# Daily Blog #69 - Dimensionality Reduction with PCA (Principal Component Analysis)
### July 8, 2025 

When working with large datasets, especially ones with many features (columns), models can:

* Overfit easily (too much noise)
* Run slower
* Become hard to interpret

**PCA** helps reduce the number of features while keeping as much **variance** (information) as possible.


### **Core Idea**

PCA transforms the original features into **new axes** (called *principal components*) that are:

* **Uncorrelated**
* Ordered so that the **first few capture most of the variance**

Imagine rotating the entire dataset so that most of the meaningful information aligns with the first axis.

### Example:

Suppose you have 3 features: height, weight, and BMI. They're highly correlated.

PCA can reduce this to just **1 or 2 principal components** that still retain the essence of the data.
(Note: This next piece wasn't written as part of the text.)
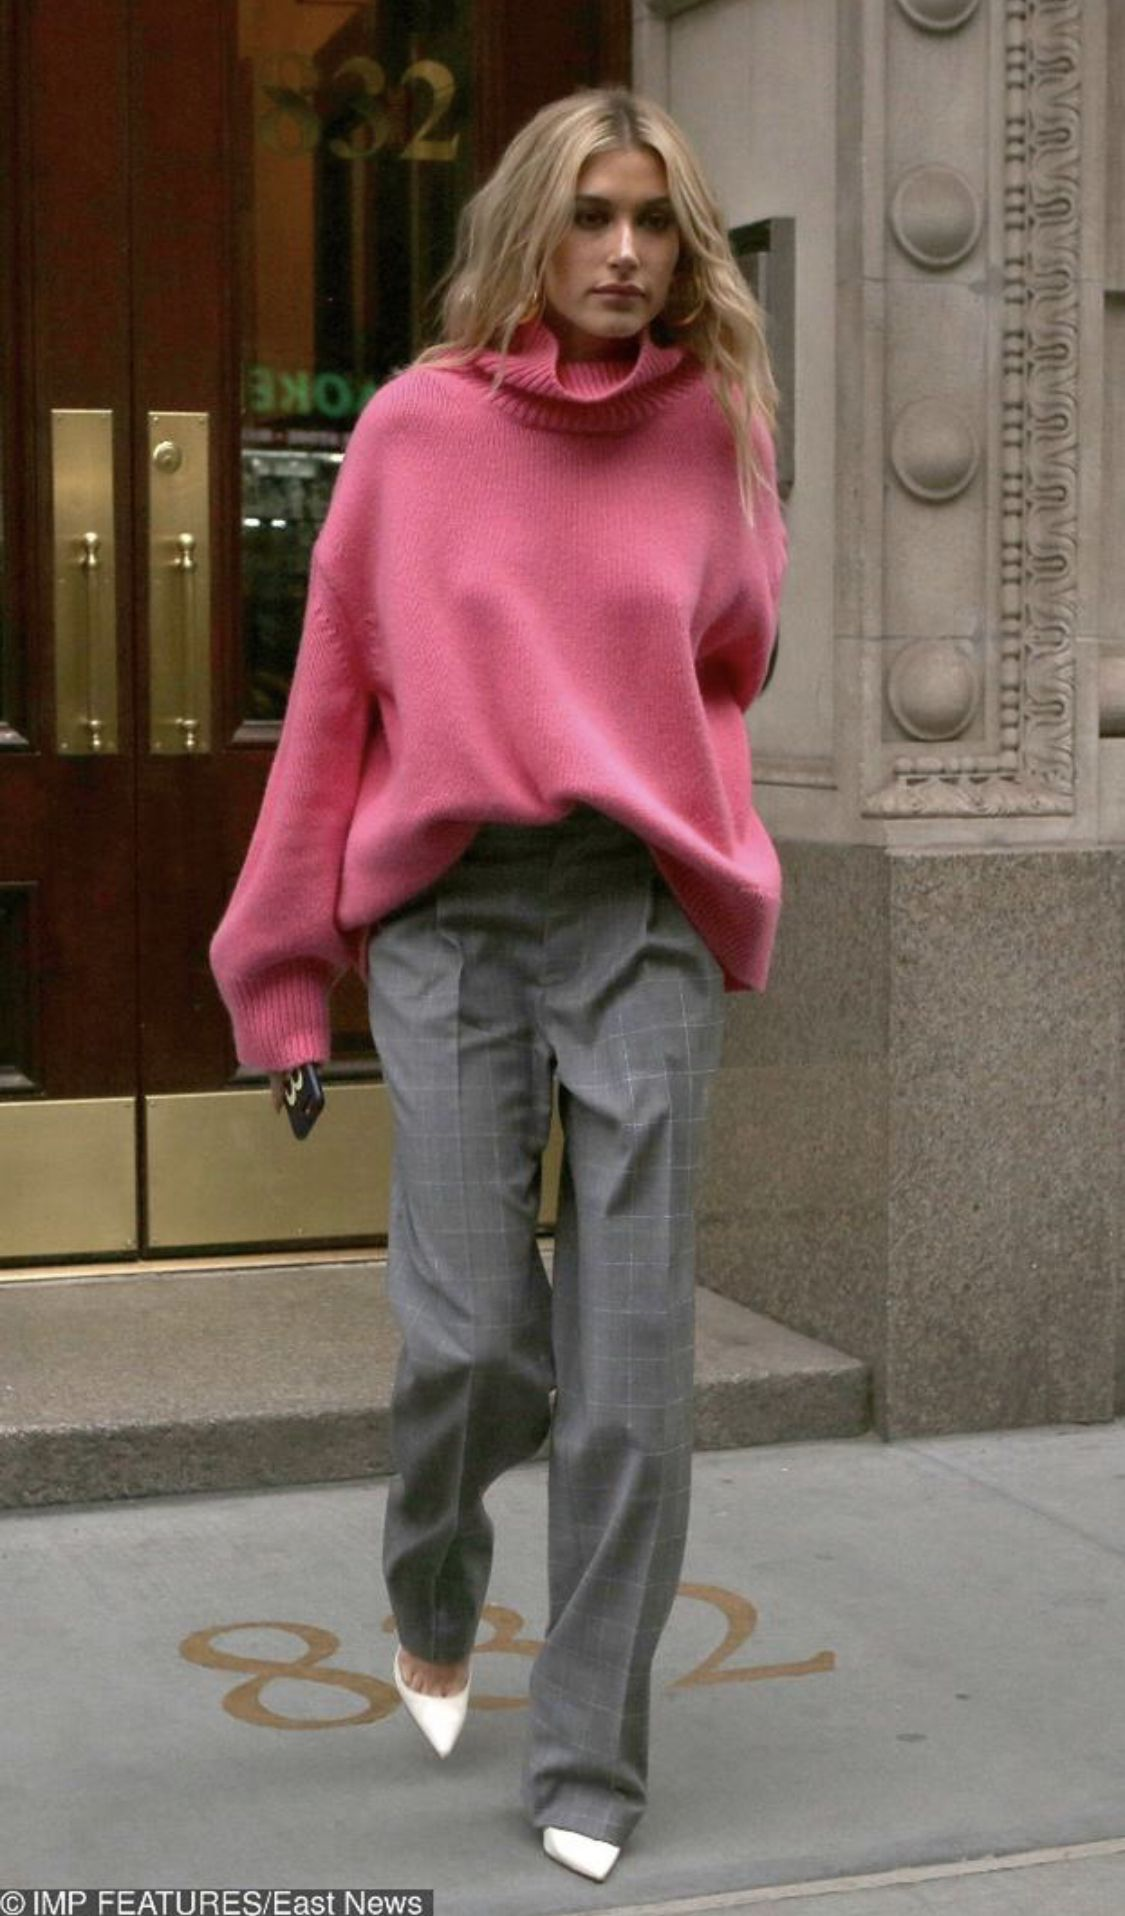 Hailey Baldwin in pink jumper & grey suit

### Step-by-Step Breakdown:

#### 1. **Standardize** the Data

PCA is sensitive to scale. Always normalize:

```python
from sklearn.preprocessing import StandardScaler
scaler = StandardScaler()
X_scaled = scaler.fit_transform(X)
```

#### 2. **Apply PCA**

```python
from sklearn.decomposition import PCA
pca = PCA(n_components=2)
X_pca = pca.fit_transform(X_scaled)
```

#### 3. **Inspect Explained Variance**

```python
print(pca.explained_variance_ratio_)
```

This tells how much variance each component holds.


### Visualization

You can now plot your 2D PCA-reduced data:

```python
import matplotlib.pyplot as plt
plt.scatter(X_pca[:, 0], X_pca[:, 1], c=y)
plt.xlabel("PC1")
plt.ylabel("PC2")
plt.title("PCA Result")
plt.show()
```

### Takeaways:

* PCA is **unsupervised** – doesn’t care about labels.
* Great for **visualizing** high-dimensional data.
* Use it **before clustering or classification** to improve speed and performance.
* But: You lose **interpretability** – PCs are combinations of original features.